The invention adopts a general process control multithreading mode to poll and call the decoding module, and accelerates hardware, thereby occupying the least CPU; and performing CPU pre-processing, GPU model reasoning and CPU post-processing on the decoded video data in a lock-free multi-process mode, so that an operating system is prevented from being frequently switched in and out, and parallelism is really realized.

The process/thread number of each module can be flexibly matched to achieve the maximum efficiency; the submodules of video decoding, CPU pretreatment, GPU inference and CPU post-treatment are all separated and can be repeatedly called according to the service requirement; and a shared cache is established to store the intermediate processing result, so that the frame processing efficiency is prevented from being reduced by data copying among processes.

The invention covers modules of video decoding, preprocessing, model reasoning, postprocessing and the like, and a method for transferring data among different modules. Through the editing module function, video content analysis such as target detection, attitude estimation and the like can be carried out.

By adopting a multi-process/multi-thread method to construct each processing module of the framework and flexibly matching the number of processes/threads started by each module, the high-performance concurrent video processing speed is improved as much as possible, and the real-time application requirement is met. Meanwhile, the frame is not limited to a specific language, and the expansibility is strong.

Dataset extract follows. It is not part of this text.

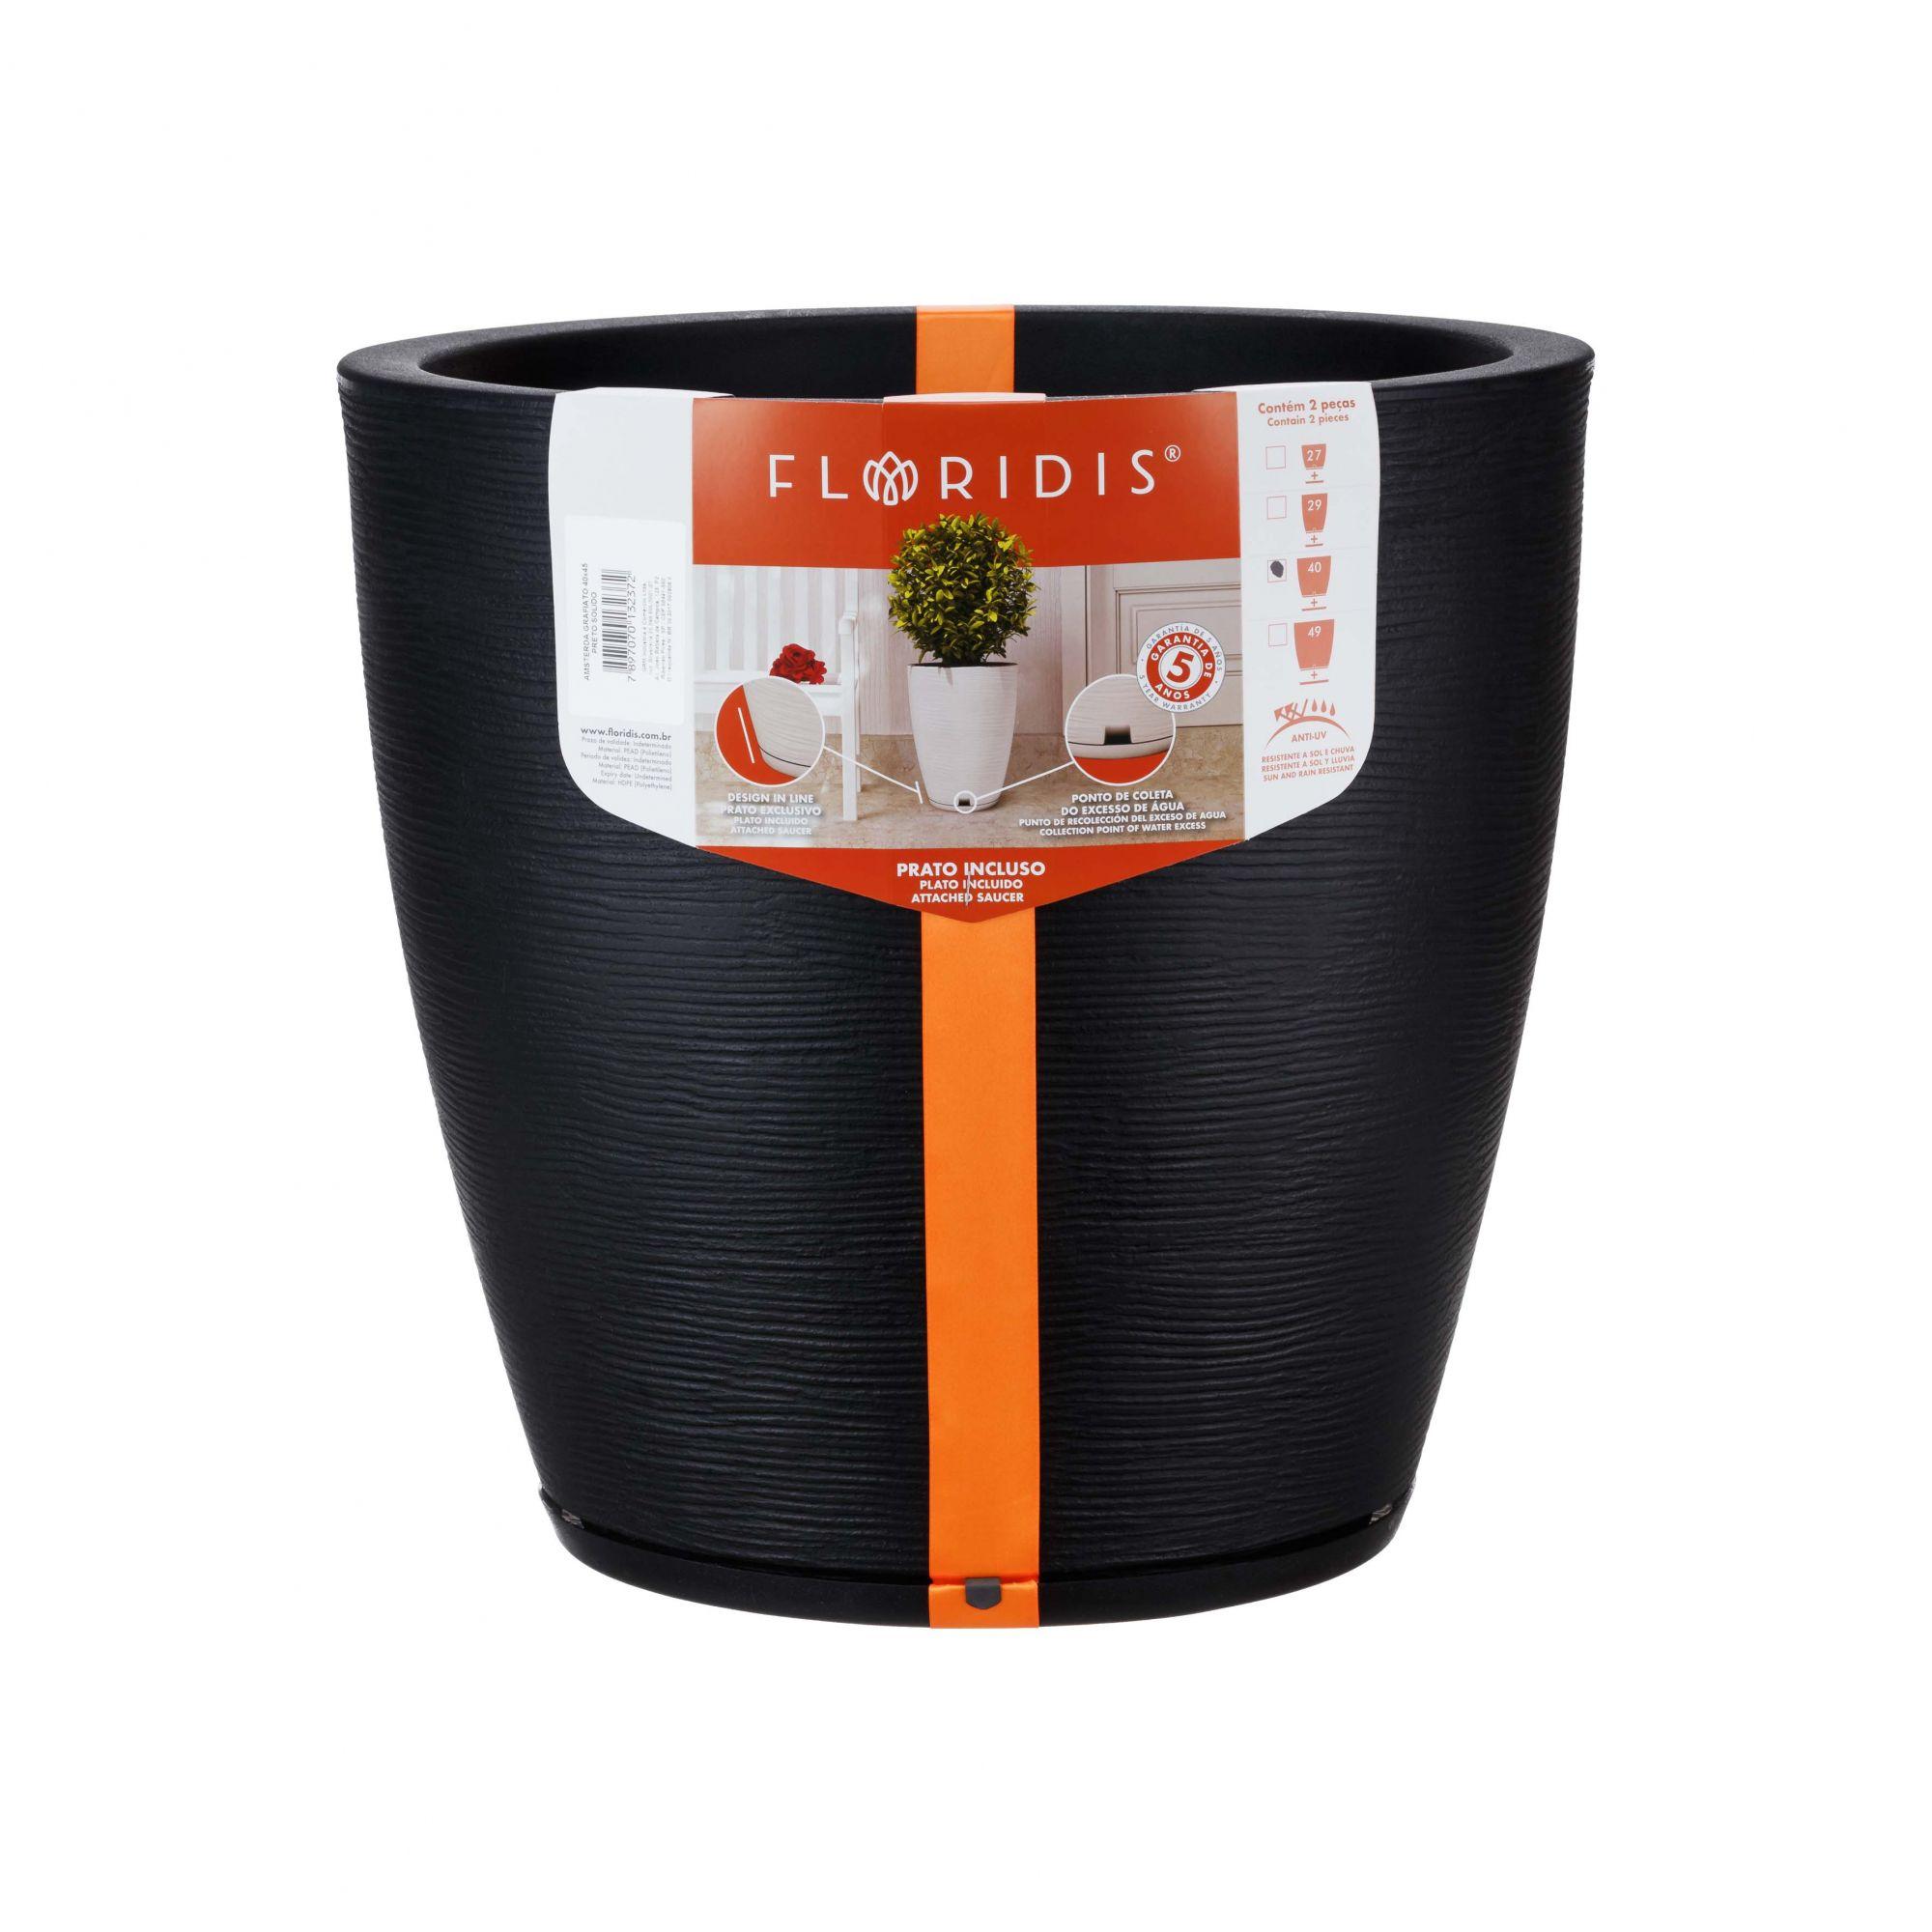 Vaso Amsterdã Grafiato Preto Sólido - 40 x 45 cm

In light of the foregoing description of the preferred embodiment of the present invention, many modifications and variations will be apparent to those skilled in the art without departing from the spirit and scope of the invention. The technical scope of the present invention is not limited to the content of the specification, and must be determined according to the scope of the claims.

Claims

1. A processing method based on a high-performance concurrent video real-time processing framework is characterized by comprising the following steps:

the step A specifically comprises the following steps:

a3: and dispatching and distributing the video frames to a CPU pretreatment module: the scheduling and distributing submodule carries out quality assurance and frame disorder processing on data generated by the decoding process/thread and distributes the data to a subsequent GPU reasoning module according to a modulo remainder rule;

b: CPU preprocessing is carried out on the decoded video frame;

the CPU pretreatment comprises the following steps:

b3: the scheduling and distributing submodule of the CPU distributes a result generated by the preprocessing process to a subsequent GPU reasoning submodule according to a modulo remainder rule;

the GPU model batch reasoning specifically comprises the following steps:

c4: performing model batch reasoning on the temporary list data;

c6: emptying the temporary list data, and repeating the step C2;

d: performing CPU post-processing on the result after model batch reasoning;

d3: distributing a result generated by the CPU post-processing process to a model reasoning module of the next stage according to a modulo remainder rule or sending the result to a final result analysis module;

2. The processing method based on the high-performance concurrent video real-time processing framework according to claim 1, wherein: the procedure for analysis of the results was as follows: if a certain path of video analysis task is completed, notifying a video management submodule in a video decoding module to change or terminate the path of video source and release the shared memory occupied by the path of video source, otherwise, continuously performing hard decoding.

3. The processing method based on the high-performance concurrent video real-time processing framework according to claim 1, wherein: video formats include MPEG, AVI, MOV, WMV, 3GP, RM/RMVB, FLV/F4V, and H.264/H.265.